> **BRIEF**:
Only the pictures are dropped; the lines of the material that follow are returned exactly.

> **RECORDED INFORMATION**:
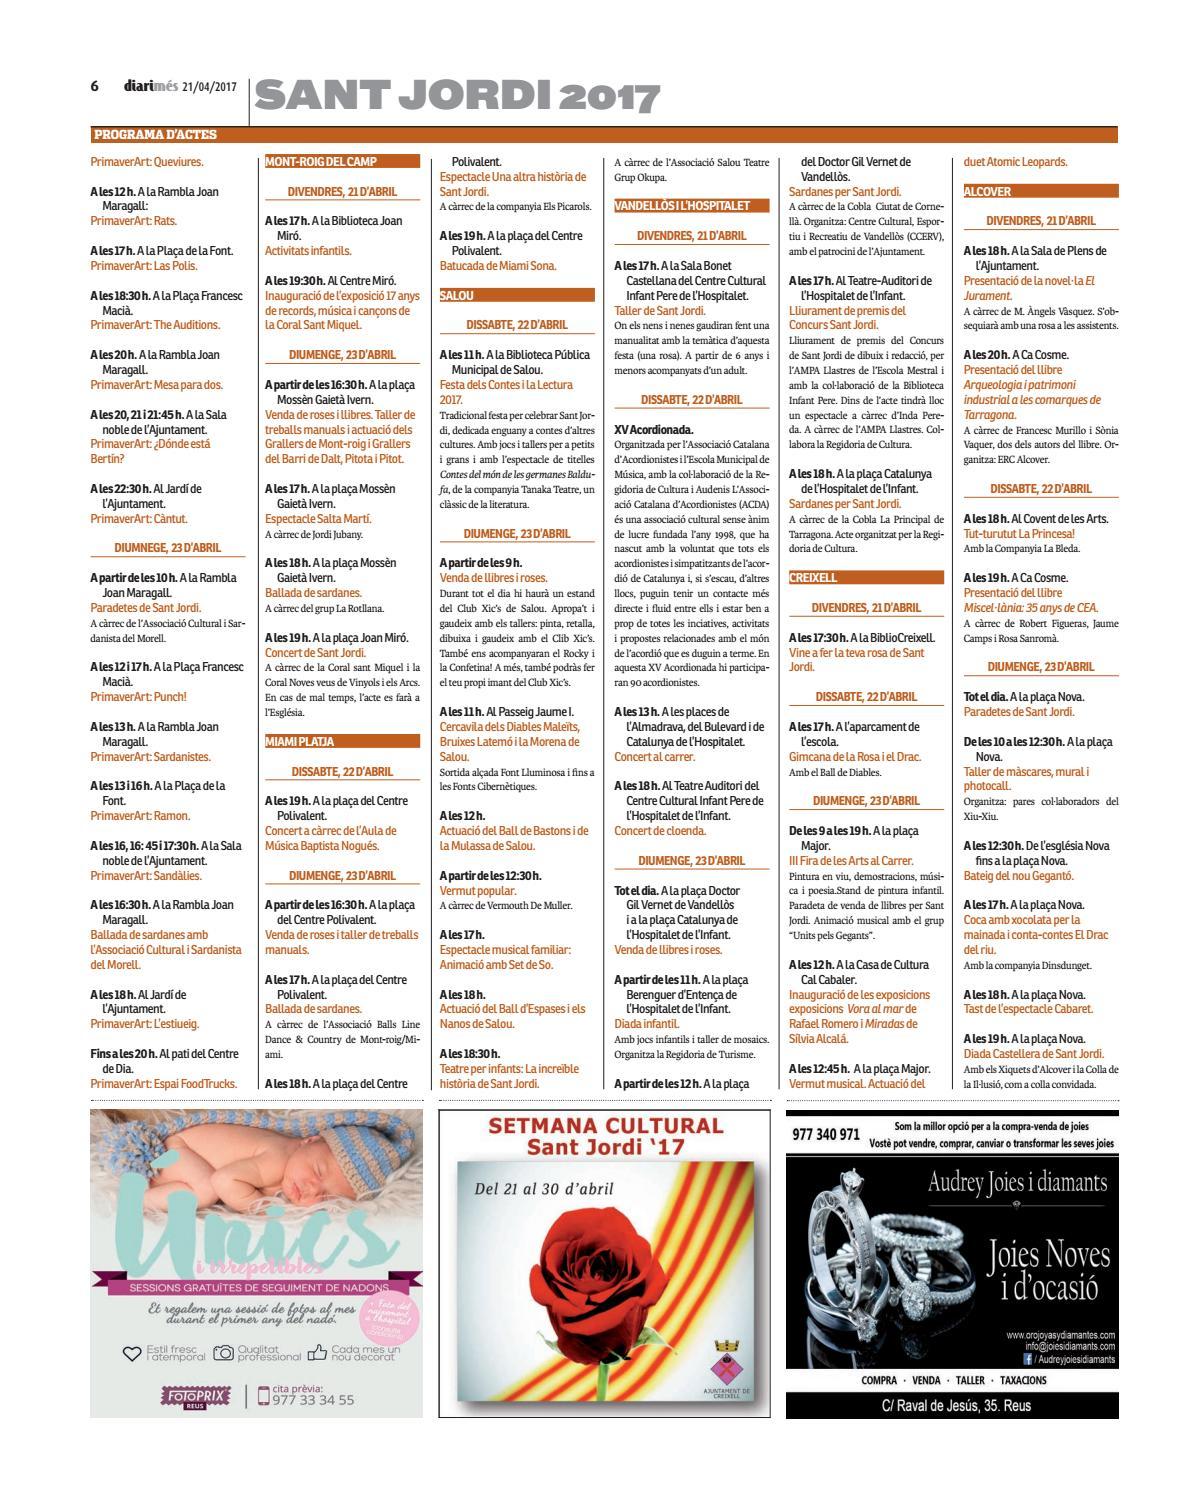 21 2017 Issuu Diari Més D'abril De By CeBodx
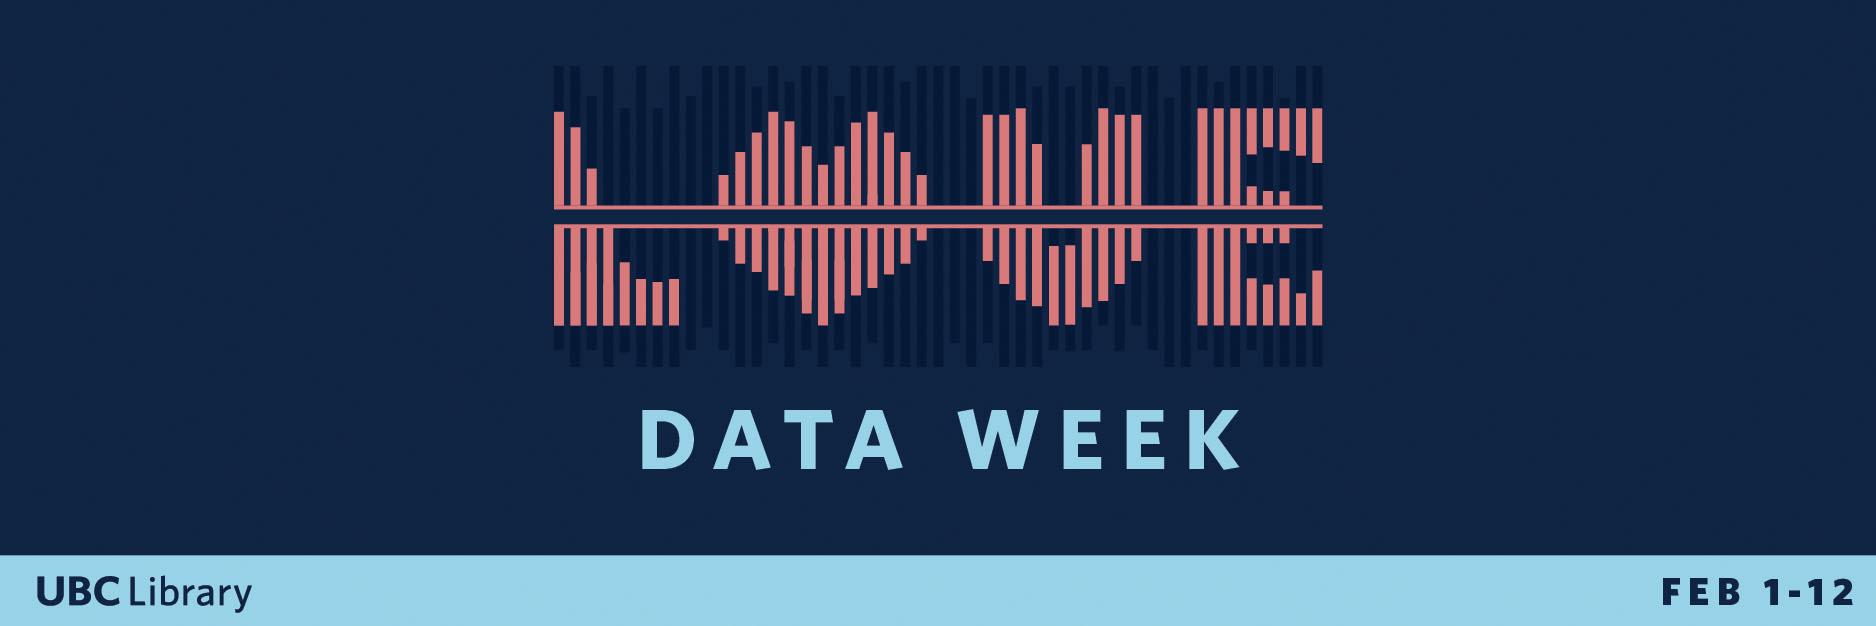 Text: Love Data Week, UBC Library, Feb 1-12
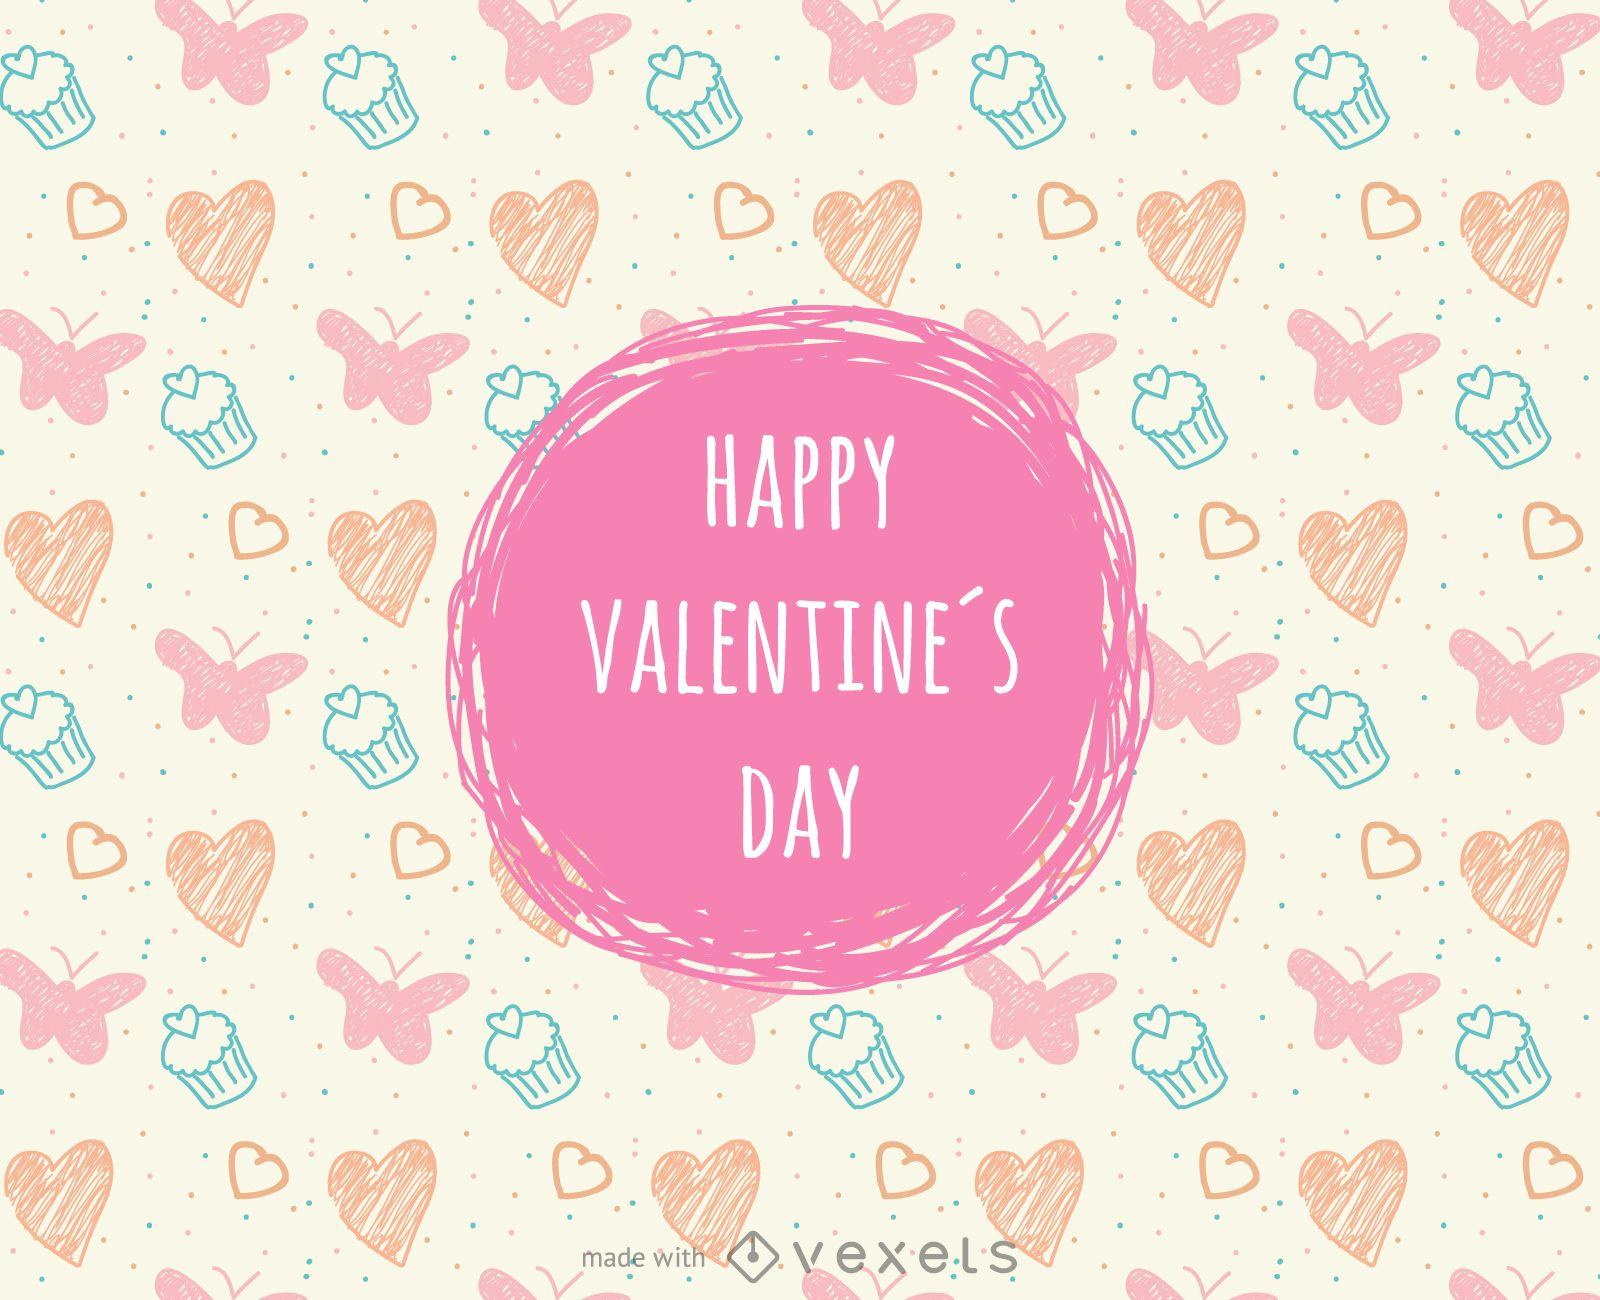 Valentine's Day poster maker
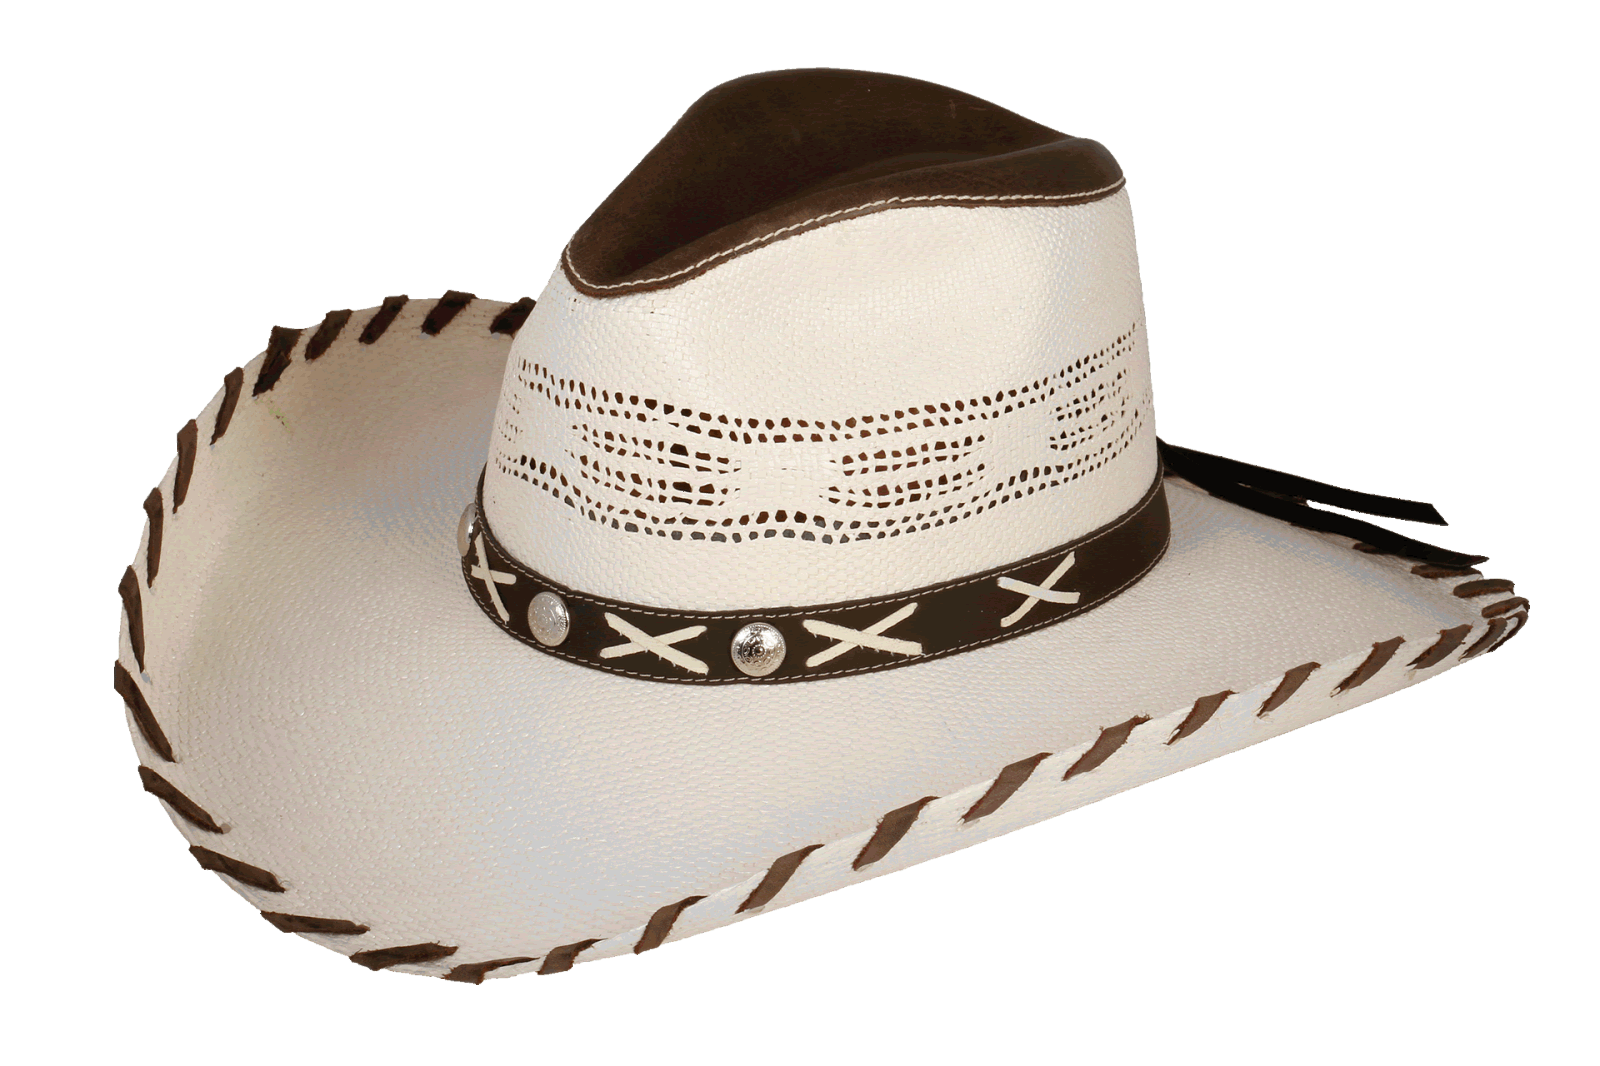 Mexicano Bangora Shantung

> **ANSWER FOR THIS EXERCISE**:
 21 2017 Issuu Diari Més D'abril De By CeBodx
 Text: Love Data Week, UBC Library, Feb 1-12
 Valentine's Day poster maker
 Mexicano Bangora Shantung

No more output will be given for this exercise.